The Member States shall inform the Commission of the measures taken for those purposes and in particular of the state of the administrative and judicial procedures .

2 . In the absence of total recovery, the financial consequences of irregularities or negligence shall be borne by the Community, with the exception of the consequences of irregularities or negligence attributable to administrative authorities or other bodies of the Member States .

The sums recovered shall be paid to the paying authorities or bodies and deducted by them from the expenditure financed by the Fund ."

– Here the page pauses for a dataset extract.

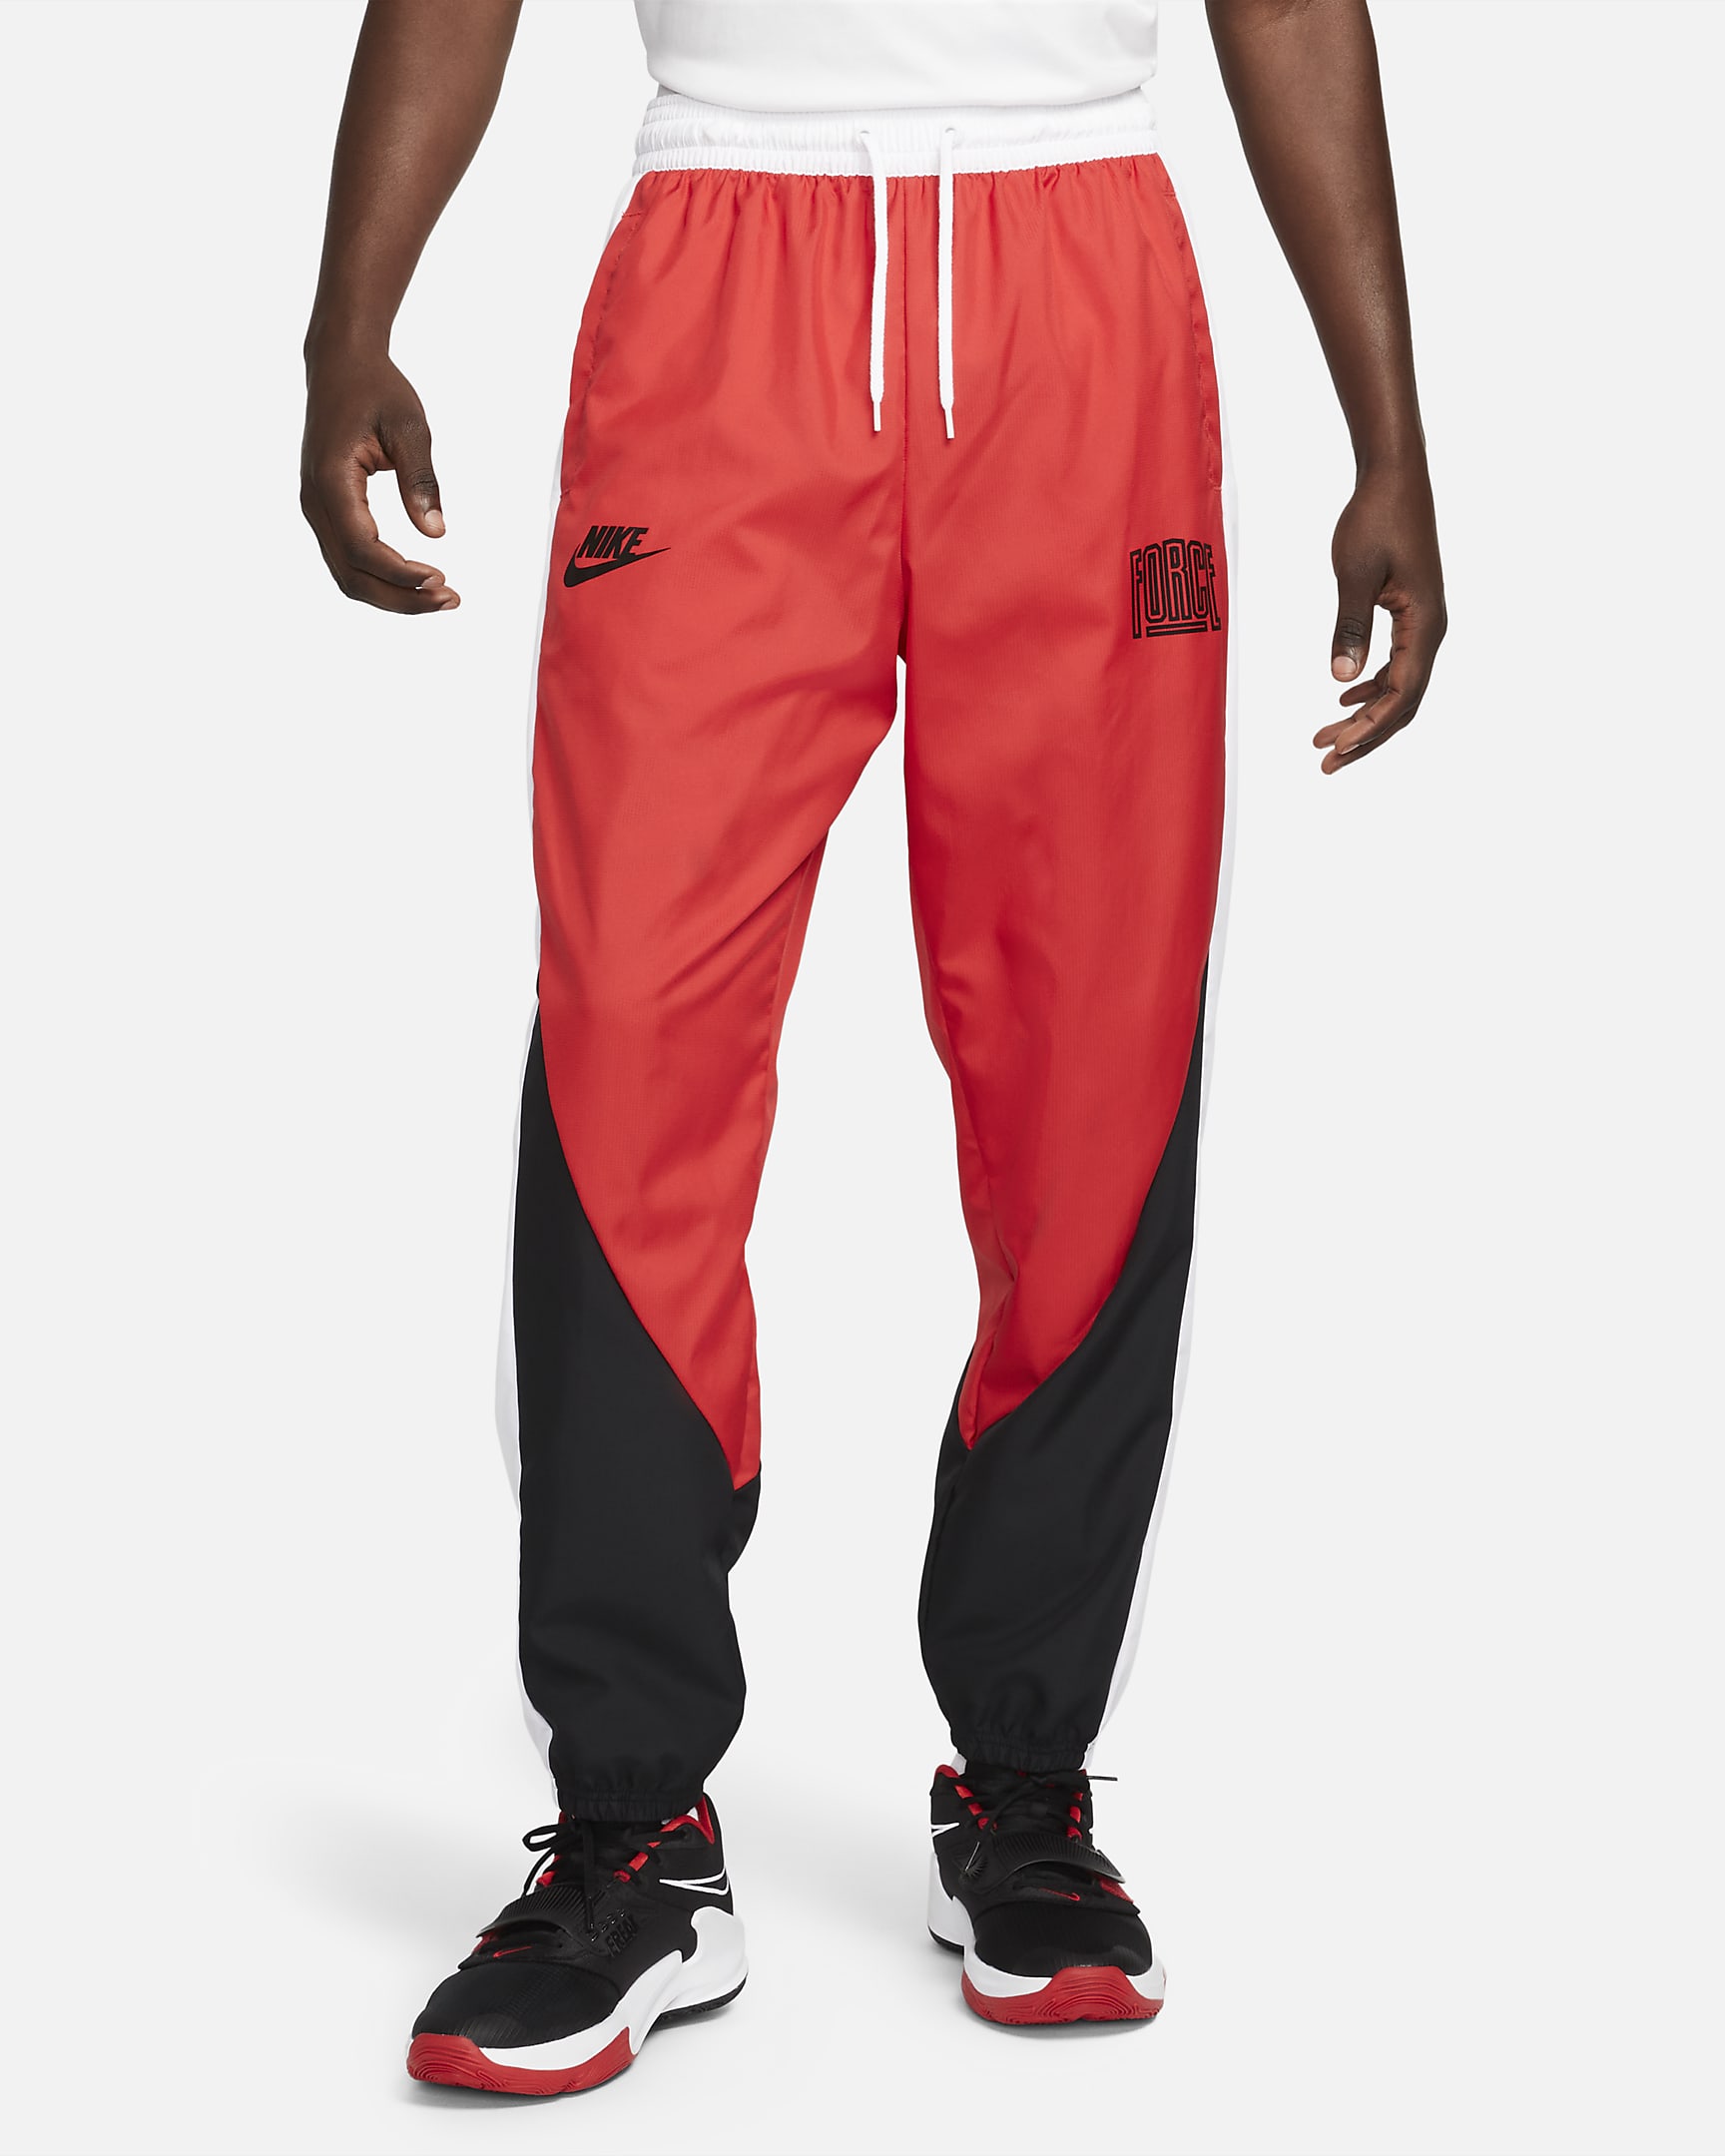 Nike Starting 5 Men's Basketball Trousers. Nike ZA
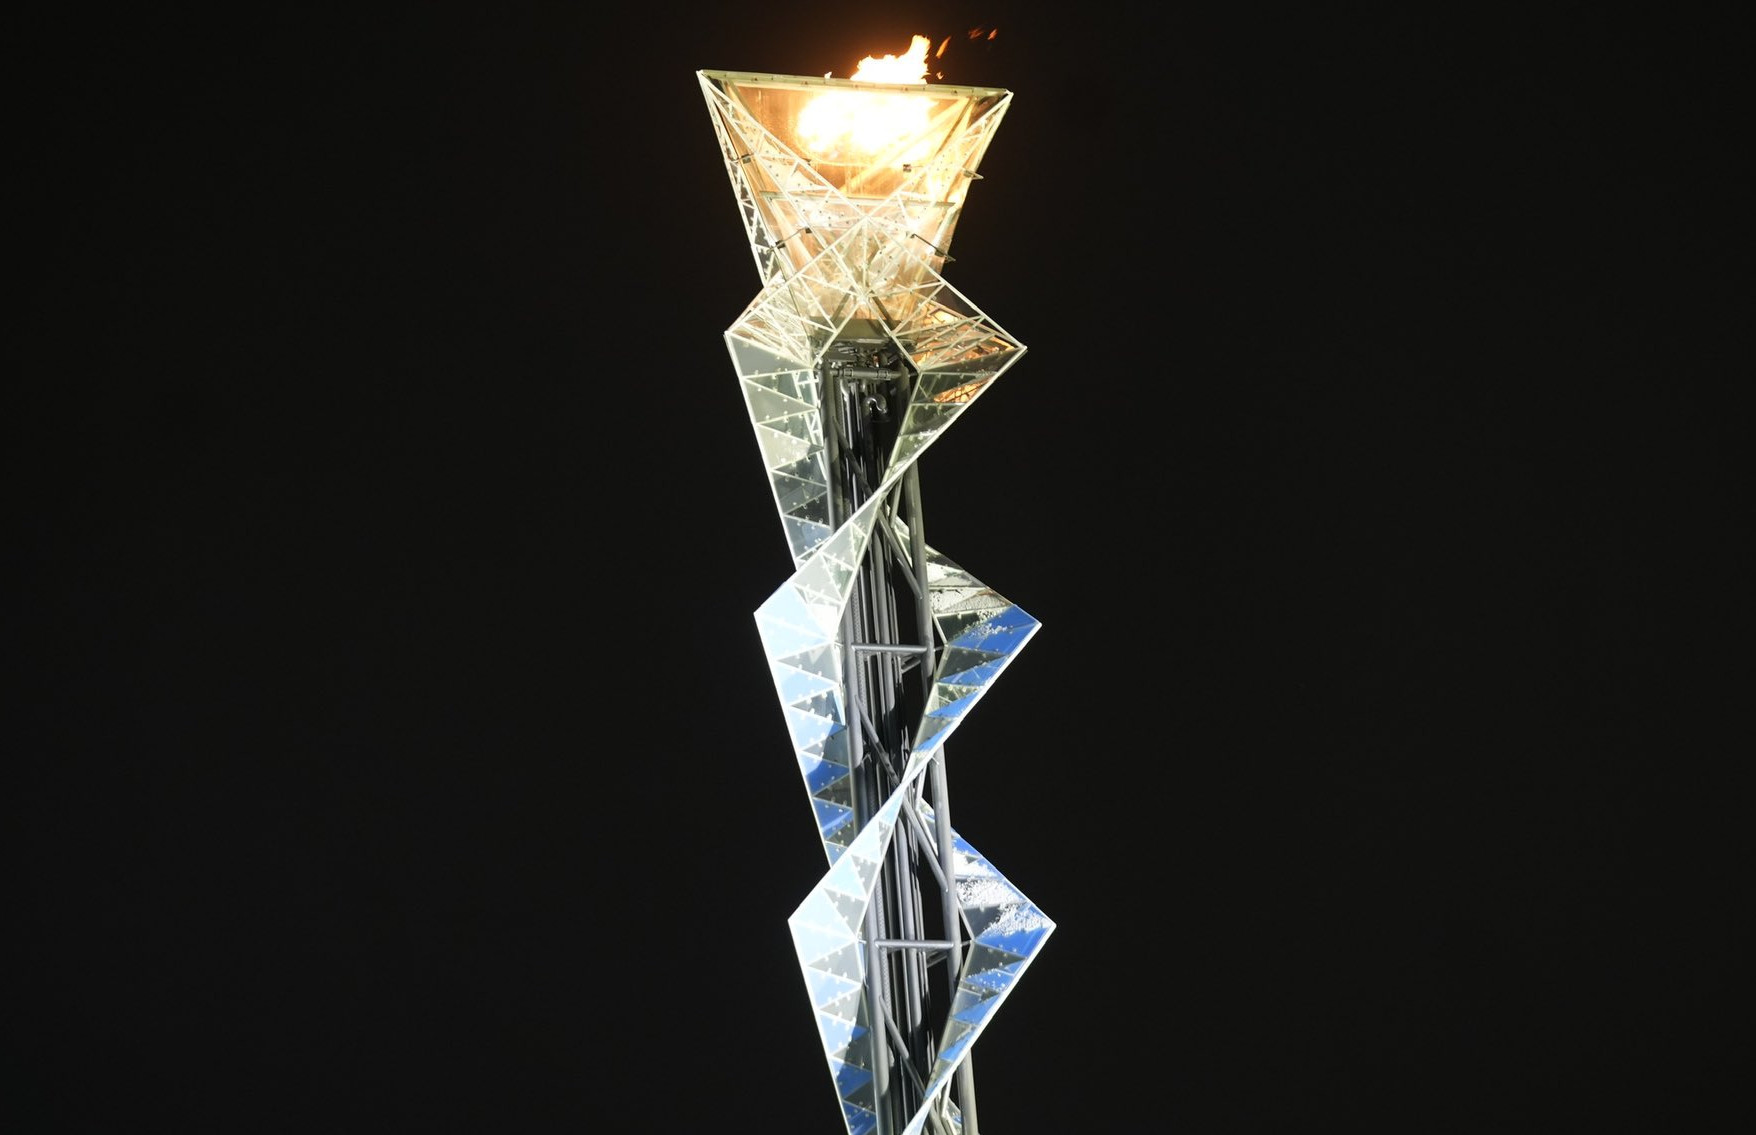 2034 Olympics: Salt Lake City to relight 2002 Winter Games' cauldron

5 During an inspection of AIMA in 1985, the Commission' s officials found that accounting procedures relating to amounts of aid wrongly paid and the recovery thereof had not been satisfactory . The Commission informed the Italian authorities of this by telex of 29 July 1986 requesting them to provide information in that connection as a matter of urgency . The Italian authorities responded, on 28 June 1988, by informing the Commission that letters concerning the recovery of excess advances had been or were about to be sent to the recipients of the aid . Meanwhile, the Commission had drawn up its Summary Report of 15 June 1988, for the financial year 1986, proposing that the sums to be recovered should not be chargeable to the Fund, on the grounds that the delays in the recovery procedures were unacceptable . The attitude of the Commission was finally specifically embodied in the contested decision of 29 November 1988 .

6 Reference is made to the Report for the Hearing for a fuller account of the background and the facts of the case, the course of the procedure and the pleas in law and arguments of the parties, which are mentioned or discussed hereinafter only in so far as is necessary for the reasoning of the Court .

7 The Italian Government maintains that no rule of Community law requires the national authorities to implement procedures for recovering sums wrongly paid within a shorter period than the ordinary limitation period established by the national provisions in force, which is in the present case 10 years . It states that the said period had not expired when the letters for recovery of the amounts were sent at the end of June 1988 .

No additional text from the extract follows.